Have you ever seen one of those television segments where a monkey is brought in to make stock picks alongside Wall Street analysts? The monkeys occasionally prevail, which makes for the most compelling pseudo-business programming since CNBC launched the Dennis Miller show. 

I actually haven’t seen one in a while, perhaps because the trained monkeys have been on loan as consultants to the Ohio Bureau of Workers’ Compensation. This is the scandal-plagued system that late last year fired all of its public equity managers and decided to sell off its entire private equity portfolio (second-round bids due later this week). All that remained was fixed income, due to a fundamentalist adoption of risk aversion. 

Now, however, word comes that OBWC will tepidly reenter the public equities market on the advice of both Wilshire Associates and the monkeys (after all, do you really need humans to suggest that public equity might aid in portfolio diversification?). No such luck for private equity, however. An system spokeswoman said that Wilshire did not recommend private equity, and that OBWC still views the asset class as too illiquid for a workers’ compensation organization (i.e. non-pension). Per usual at OBWC, return-on-investment is not a terribly important consideration. Nor is the notion that private equity could actually be a bit more liquid – via secondaries – if the system followed its own rules for portfolio management (which it historically has not done, according to a recent State Auditor’s report). 

It also is worth noting that the OBWC private equity disclosure lawsuit is still ongoing. It is true that the result likely doesn’t matter for OBWC GPs, since ithe OBWC private equity portfolio probably will be sold before any ruling. The case does, however, still hold significant implications for both Ohio PERS and Ohio Teachers, both of which remain in the private equity market. If full disclosure is mandated, both of those systems will be forced out of future deals and into fire sales of existing assets. 
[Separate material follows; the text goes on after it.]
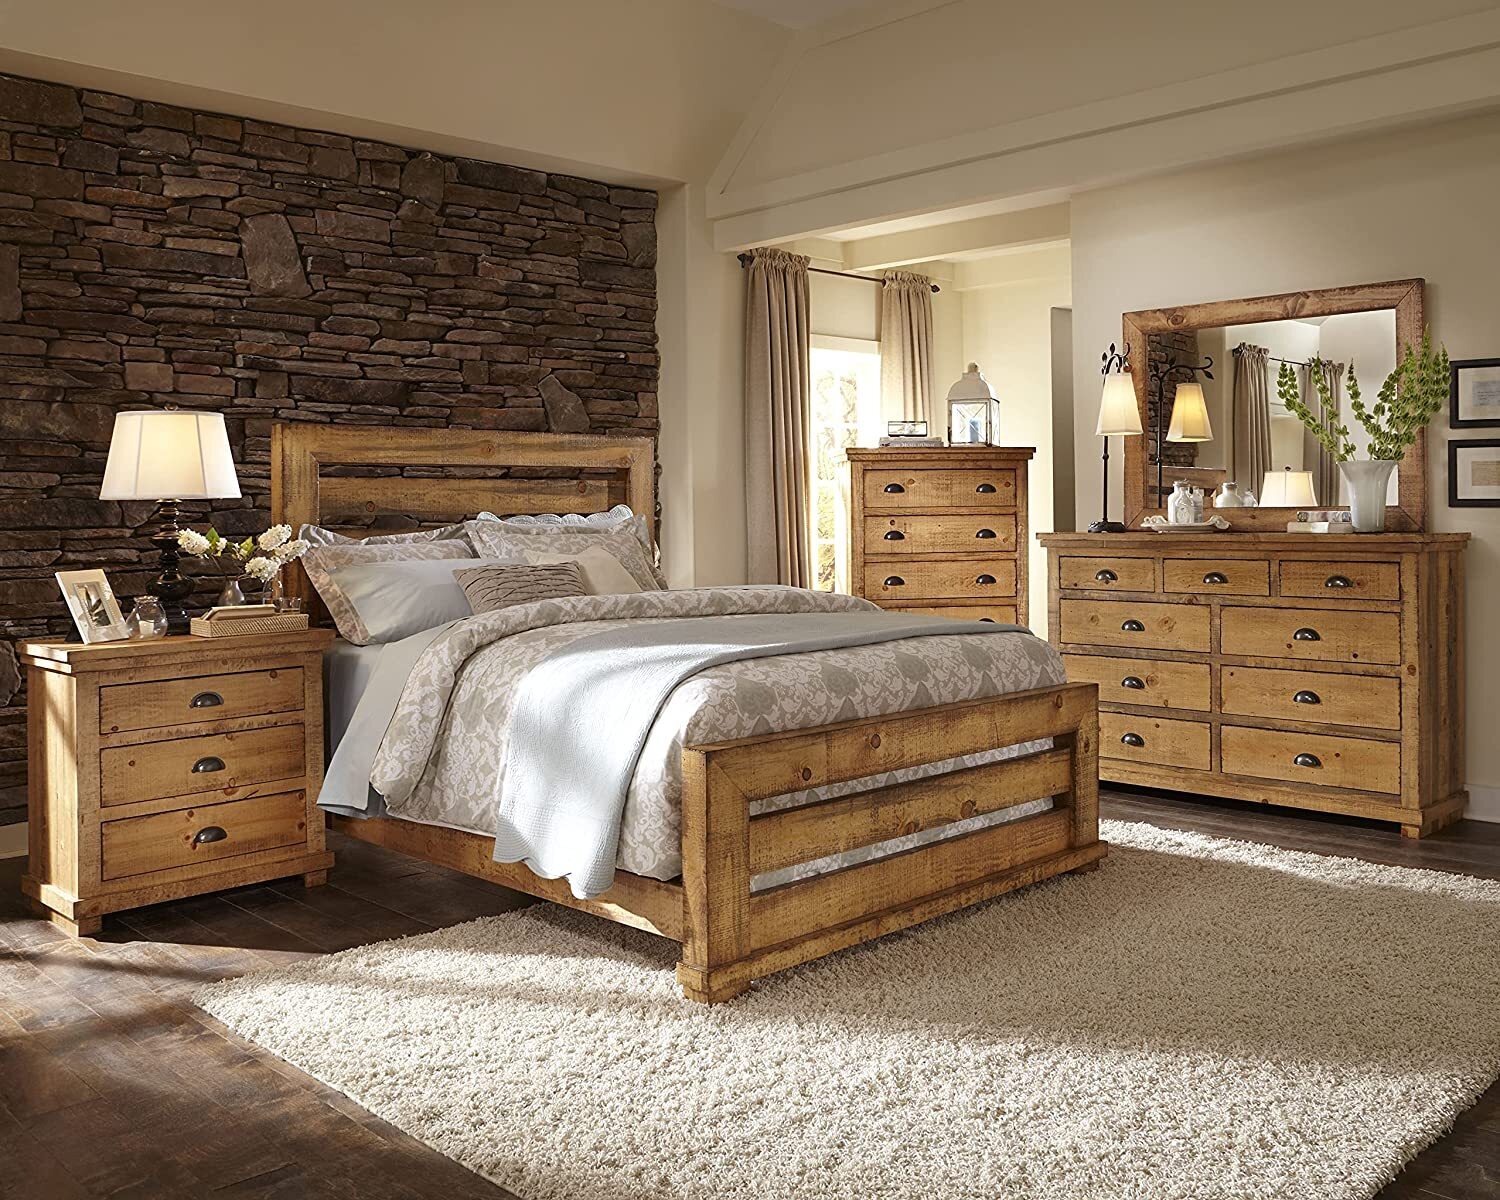 Knotty Pine King Bed Frame

The hope here is that the Dayton Daily News and other such media outlets will reach an out-of-court compromise like the one reached in California between CalPERS and the Mercury News. Accept top-line fund performance information – and maybe even portfolio company names – without insisting on the underlying financials. Neither OBWC nor the Ohio AG has any skin in this game (since he lost the GOP gubernatorial primary), and neither Ohio PERS nor Teachers has acted in a way that would justify suspicions of impropriety. So let it rest. Allow at least some public employees in Ohio to benefit from private equity’s strong returns, even if OBWC no longer sees fit to do so.